In closing, I want to think a bit more about the role of a mentor. Merriam-Webster tells us that it’s ‘a person who gives help and advice to a less experienced and often younger person especially in a professional or academic context’. Cambridge Dictionary says it’s ‘a person who gives a younger or less experienced person help and advice over a period of time, especially at work or school’. I like these definitions, but I think they’re missing something. To me, a mentor isn’t someone who only gives you help and advice, though do this they might. Rather, they guide you so that you’ve got the wherewithal to competently navigate situations germane to the field and problem solve independently. They equip you with the tools so that you can figure out what to do for yourself. And this is pretty much how I feel after having completed the RTS Coaching Mentorship.

People who I coach, or have coached, have told me that they’ll have my voice in their head when they’re setting up for a deadlift, or hear me cueing them in some other way mid-lift when they’re training on their own.

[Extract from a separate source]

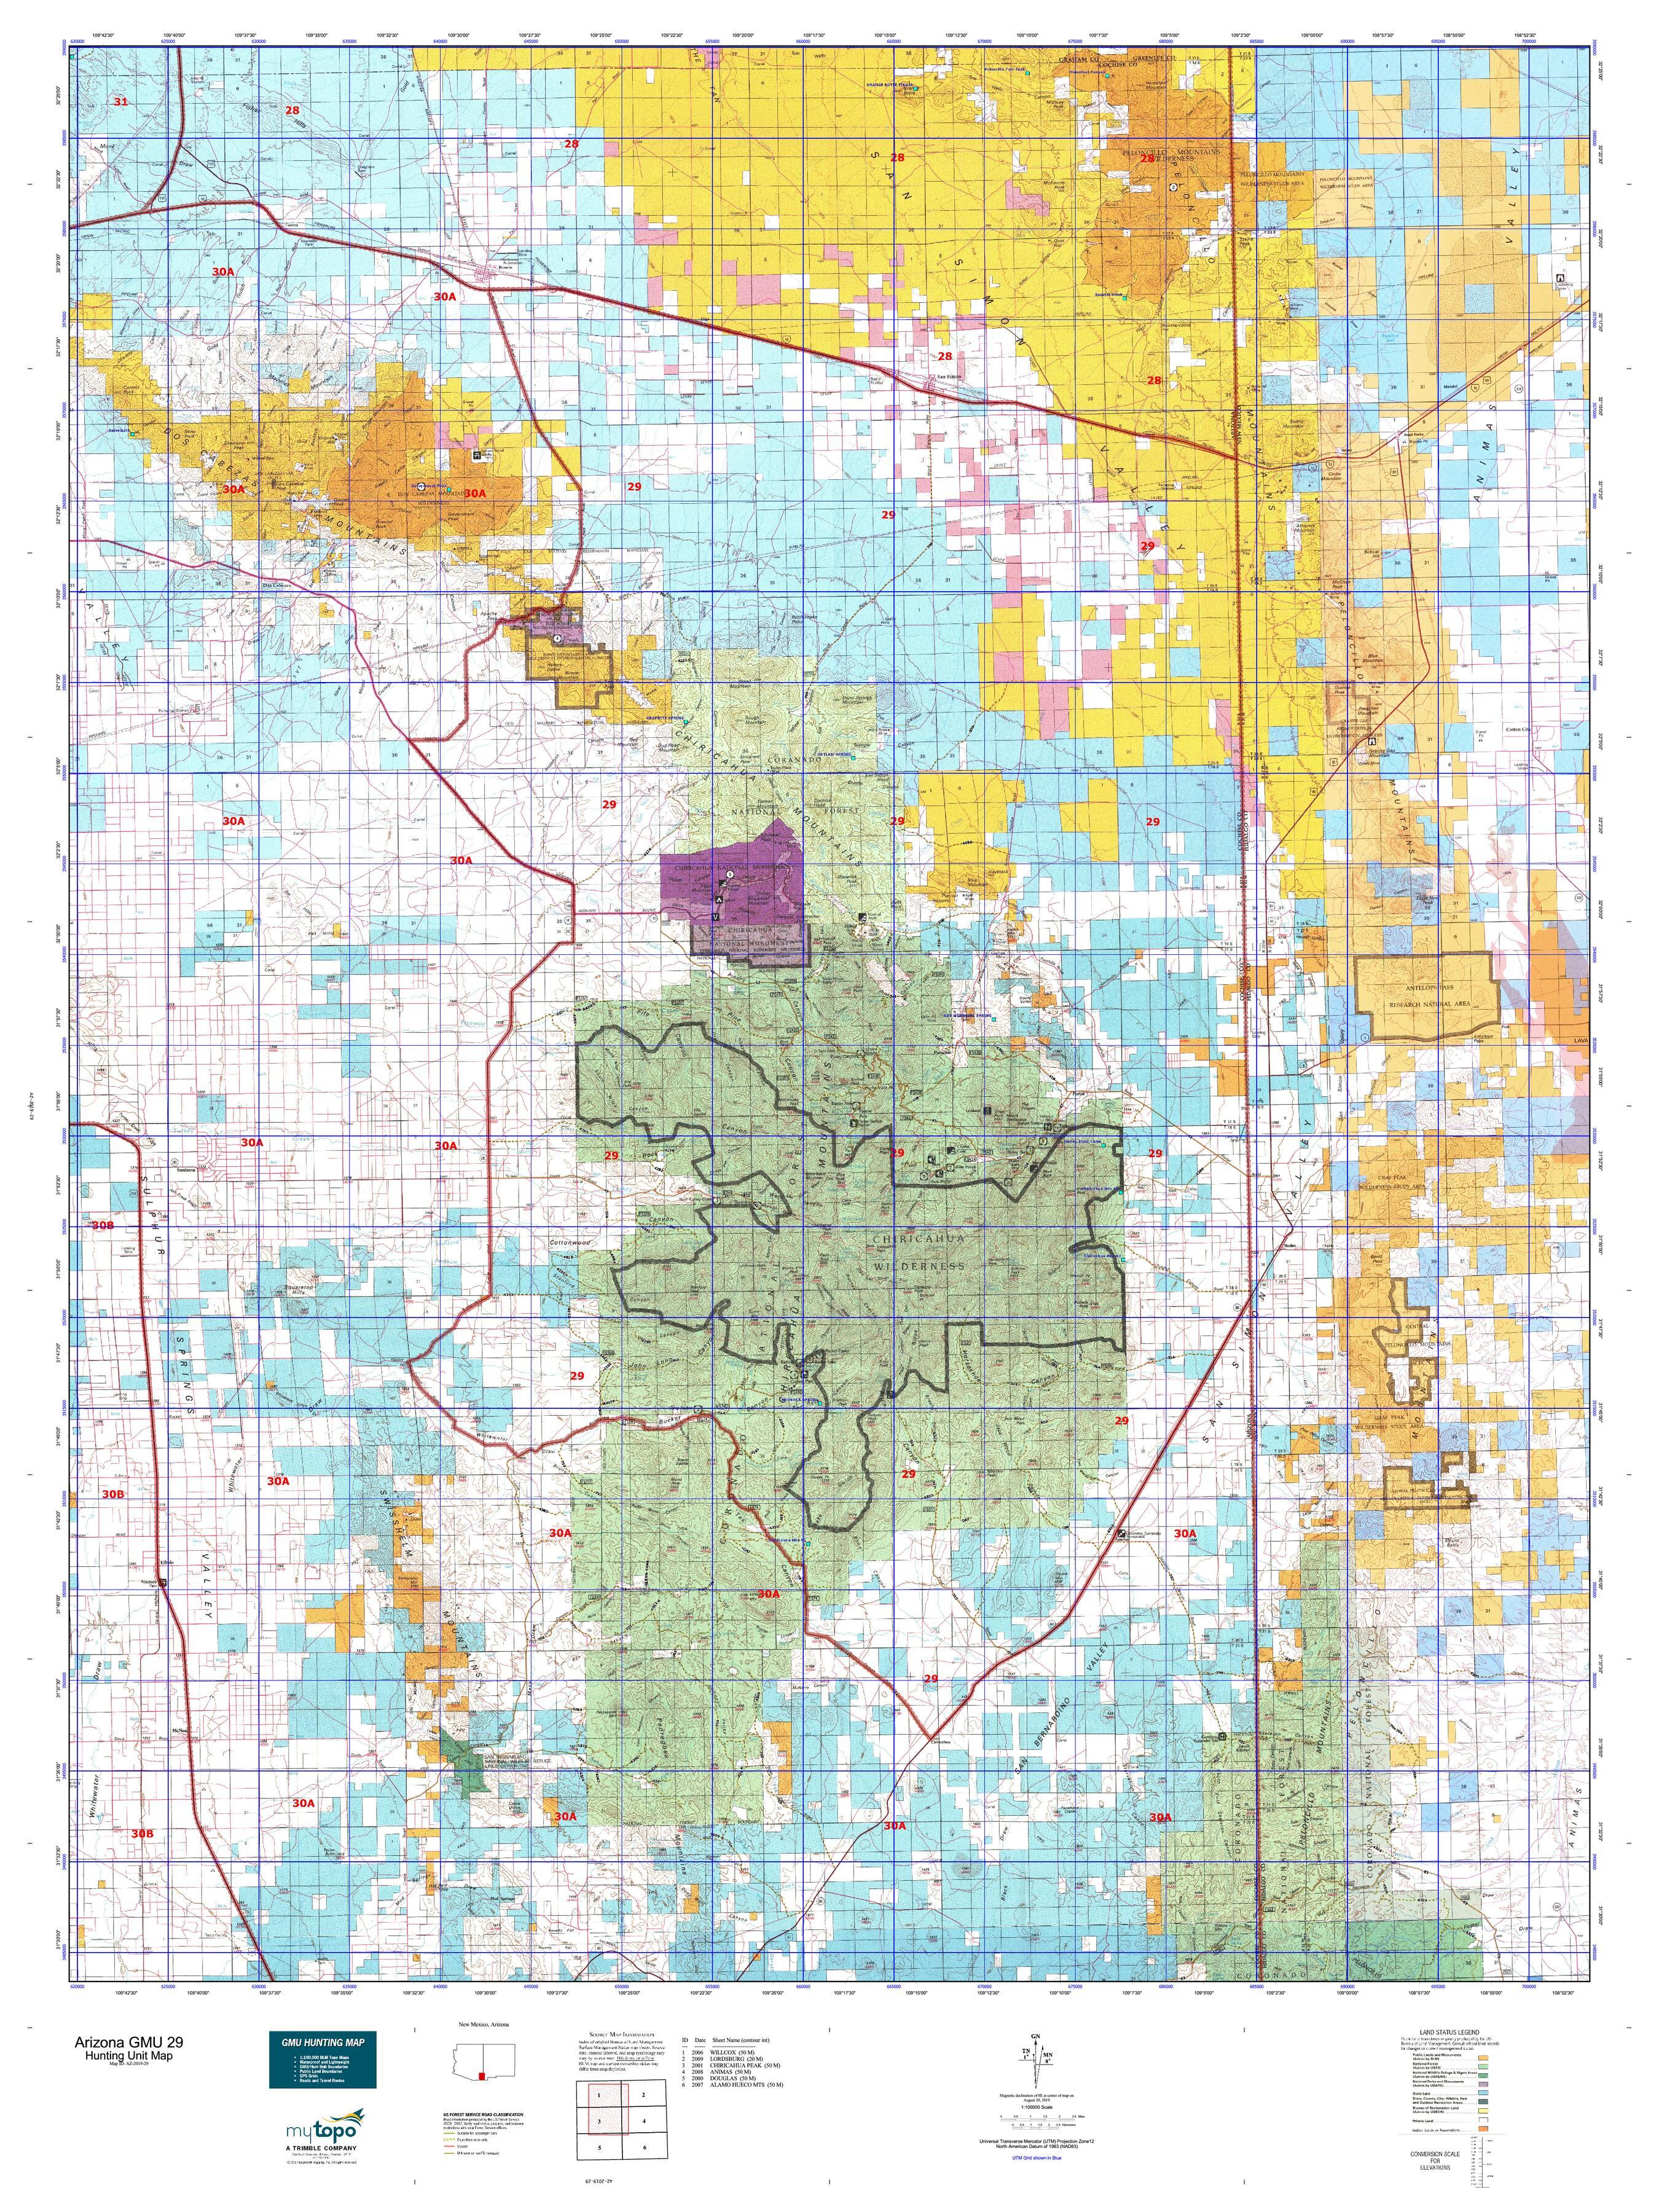 Arizona GMU 29 Map | MyTopo on nc map, ms map, ks map, mo map, mn map, arizona hwy map, arizona fun map, nv map, ma map, new mexico map, southern desert map, arizona wildlife map, ut map, or map, ae map, kr map, iowa map, wy map, ok map, arizona road map,

Of course, it’s not actually me in their head, it’s them. I’m sure, eventually, they’ll experience the self-cueing or setup instruction as themselves, rather than as me. So what does this have to do with the mentorship? Well, when I’m writing training, or find myself struggling to make decisions, I now sometimes have Mike’s voice in my head (I think some of the other RTS coaches are in there too). Of course, I know it’s not actually Mike, it’s me, and eventually these ‘voices’ will get internalised. But I think, at least for me, an important part of the mentorship has been discovering that now – equipped with many hours of RTS-teaching, methodology, and discussion, through which I’ve developed better critical thinking and a greater awareness of my own biases – when I have to make a lifting-related decision, a lot of the time I find I know the answer.